Приятно было возвращаться домой, лежа на мягкой, влажной, ароматной траве. На опушке дед остановил Чалку, слез, вынул топор и срубил молодую кудрявую березку, засунув ее комлем под траву «для Троицы».

– Это наш, хрестьянский, лес, – объяснял Лавр племяннику, – захотелось – срубил, ничего за это не будет, а прежде лес был барский… барин давно помер, лес нам отошел! А за околицей Дуброву рядом с деревней, где барский дом остался, купец купил вместе с землей…

– Вот и мало земли-то! – вмешался дед. – Мошенники! То была барина земля, а нынче – купцова!.. Чем жить будете, коли вырастете?..

Ребята не могли ответить, недоуменно посматривали друг на друга. Лес шумел, зелеными стенами стоял по обе стороны дороги, зеленым сводом сходился над их головами. Снова блеснуло в стороне Ситцевое озеро.
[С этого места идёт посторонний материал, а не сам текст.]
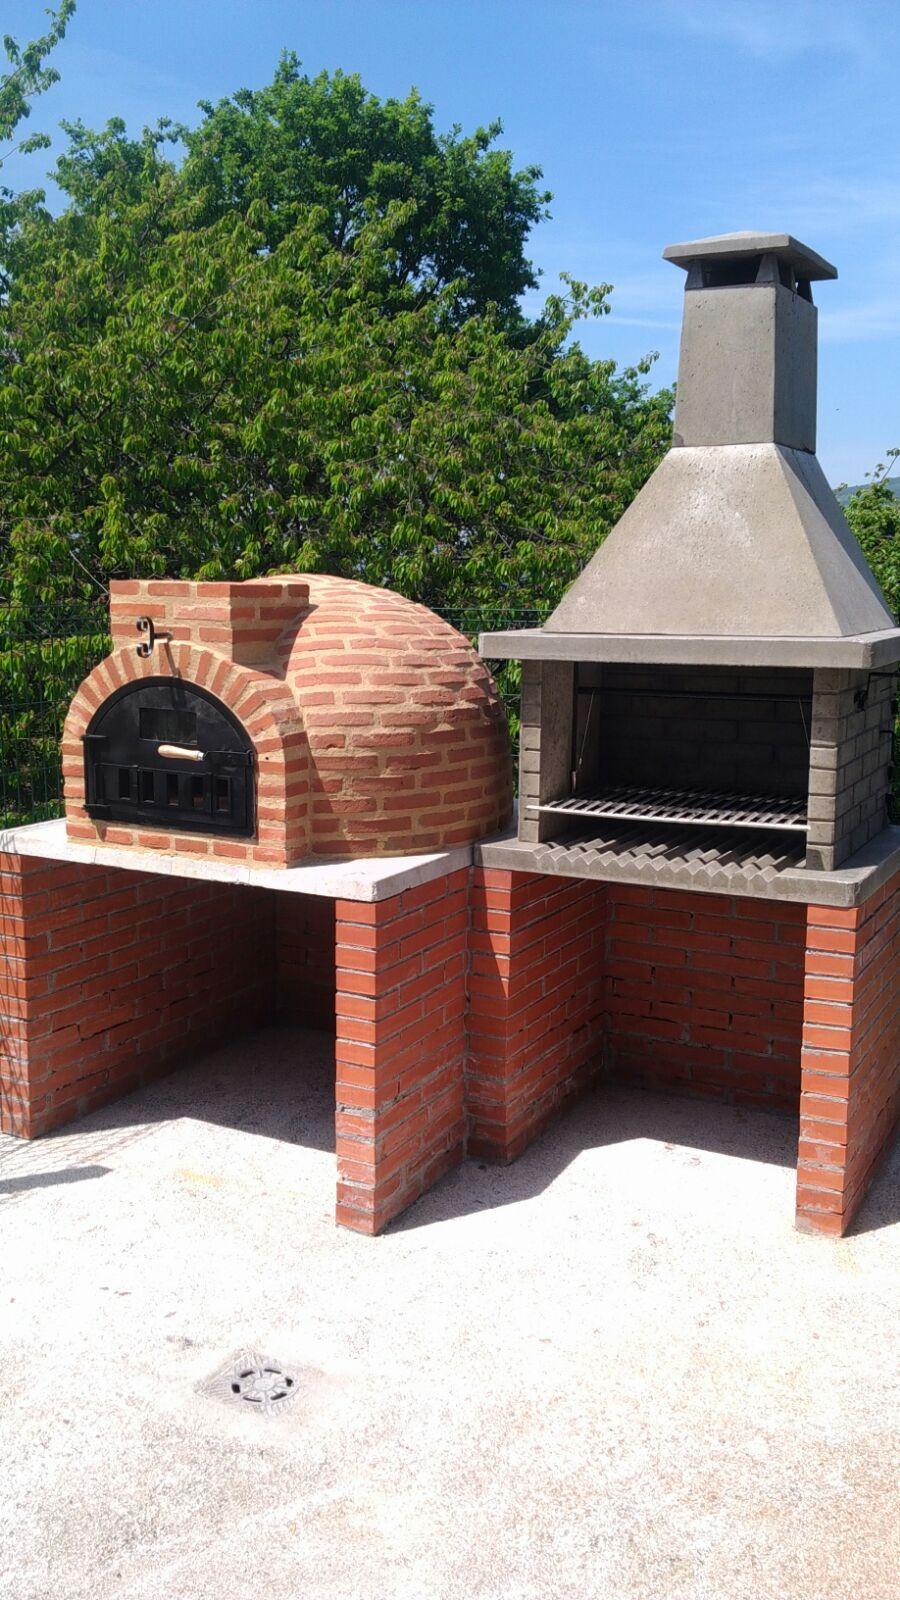 Montaje horno de le a de pereruela y barbacoa de granito patio horno de le a horno y le a - Horno de lena y barbacoa ...

– Доедем до моста – слезем, – шепнул другу Лавр, – на Ситцевое побежим!

Когда въехали на мостик, случилось несчастье: телега увязла в грязи; Чалка едва дотянул ее до сухого берега и вдруг остановился по колено в густой трясине. Сколько ни понукал его дед, он только мотал и тряс головой.

– Эх, старость! – со вздохом сказал дед и по оглобле выбрался на берег. – Вы что же сидите, мошенники? Слезайте!

Ребята полезли по оглобле вслед за дедом. Чалку все глубже засасывало в трясину.

Тогда дед выпряг его и огляделся по сторонам: не смотрит ли кто? Но в праздник за деревней никого не было.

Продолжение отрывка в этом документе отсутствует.